For Intel, notes are included in SDM Vol2 for the CALL and JMP instructions:

  Certain situations may lead to the next sequential instruction after a 
  near indirect CALL being speculatively executed. If software needs to
  prevent this (e.g., in order to prevent a speculative execution side
  channel), then an LFENCE instruction opcode can be placed after the near
  indirect CALL in order to block speculative execution.

> 2. What instructions can be used to stop speculation?  (Is int3 actually
> effective? Are there other instructions that would also work?)

As you can see, LFENCE is the official recommendation.  It is about the only option for halting speculation which is safe to actually execute, and don't otherwise impact program state.

CALL has architectural execution following it.  However, the code following a CALL instruction is typically preservation of the return value and a pile of dead registers wanting reloading, and is typically not a pointer deference involving a callee-clobbered register.  Therefore, CALL's are unlikely to have subsequent instructions which are vulnerable to speculative type confusion, and are therefore uninteresting to protect.

JMP and RET are different.  They are followed by arbitrary unrelated basic blocks, which could contain anything.

We could use LFENCE everywhere.  However, as we don't architecturally execute the instruction, we don't care about architectural side effects.  Basically any instruction which causes a decode exception, or is microcoded, halts speculation.  INT3 is safe to use, and is 1/3 of the length of LFENCE, so has less of an impact on code size.
Comment 5 Eli Friedman 2021-11-22 12:36:46 PST
(In reply to Andrew Cooper from comment #4)
> CALL has architectural execution following it.  However, the code following
> a CALL instruction is typically preservation of the return value and a pile
> of dead registers wanting reloading, and is typically not a pointer
> deference involving a callee-clobbered register.

I'm a bit skeptical of heuristics like this; it's making very specific assumptions about how the compiler generates code, which might not hold for different codebases and/or optimizations.

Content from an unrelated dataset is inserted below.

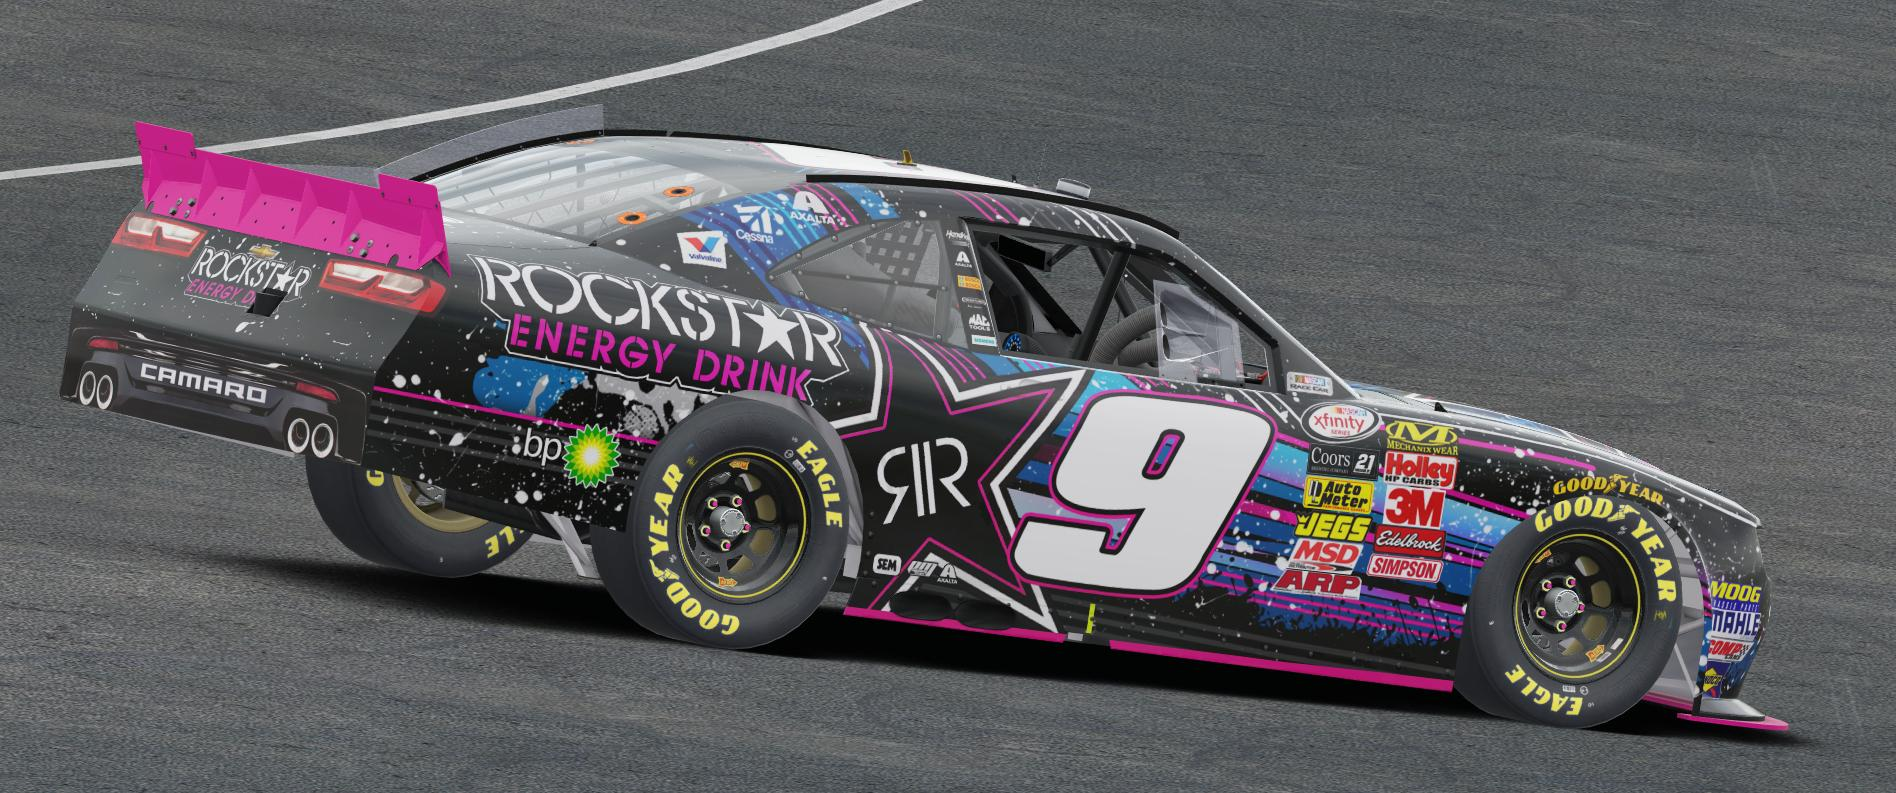 Preview of WK16 Painters Contest- Rockstar Energy Drink Camaro by Preston Pardus

> We could use LFENCE everywhere.  However, as we don't architecturally
> execute the instruction, we don't care about architectural side effects. 
> Basically any instruction which causes a decode exception, or is microcoded,
> halts speculation.  INT3 is safe to use, and is 1/3 of the length of LFENCE,
> so has less of an impact on code size.

It looks like the current version of Intel manual actually explicitly mentions INT3, so I guess that's fine.
Comment 6 Andrew Cooper 2021-11-22 14:00:07 PST
(In reply to Eli Friedman from comment #5)
> It looks like the current version of Intel manual actually explicitly
> mentions INT3, so I guess that's fine.
Ah great - I'd missed that update coming though.  I'll pester the other guys to document too.

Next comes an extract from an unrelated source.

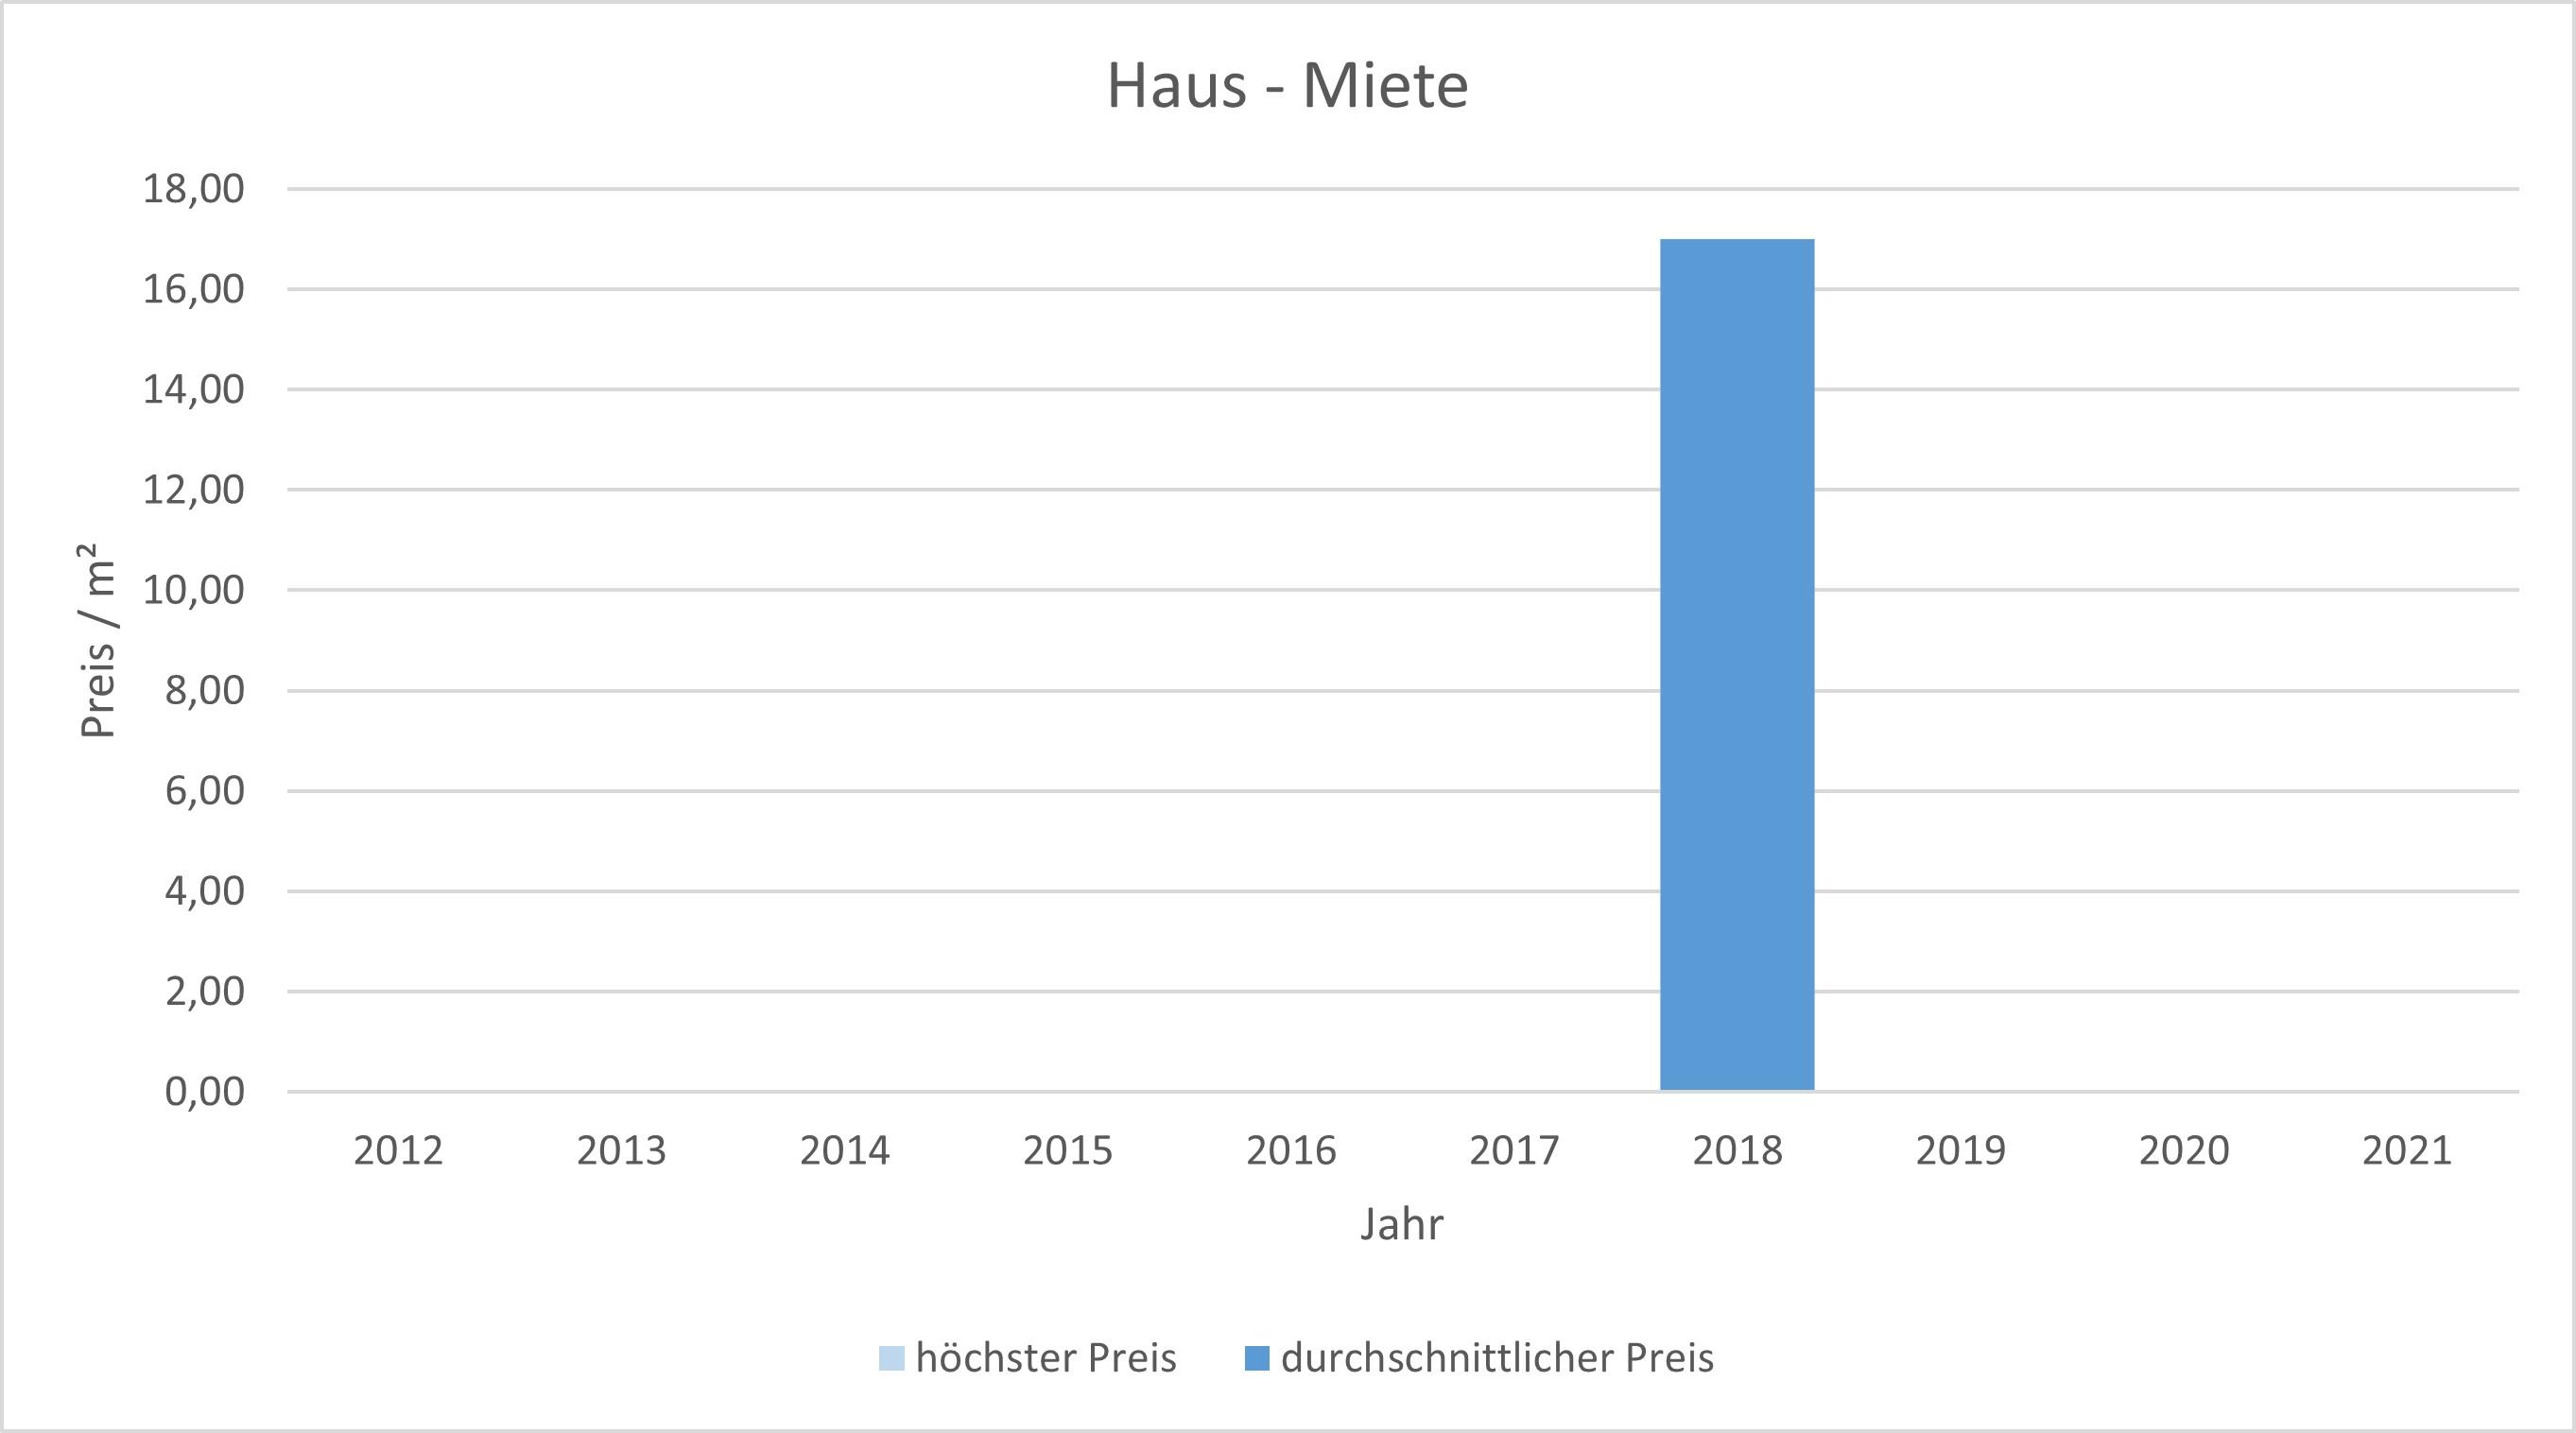 München - Giesing Haus mieten vermieten Preis Bewertung Makler www.happy-immo.de 2019 2020 2021

> > CALL has architectural execution following it.  However, the code following
> > a CALL instruction is typically preservation of the return value and a pile
> > of dead registers wanting reloading, and is typically not a pointer
> > deference involving a callee-clobbered register.
> 
> I'm a bit skeptical of heuristics like this; it's making very specific
> assumptions about how the compiler generates code, which might not hold for
> different codebases and/or optimizations.
Nevertheless, protecting JMP/RET with an INT3 is easy and cheap, while protecting CALL with LFENCE is very much not, and risk profiles of the code is very different.

My gut feeling is that anyone wanting protection in the CALL case would probably be using Speculative Load Hardening instead.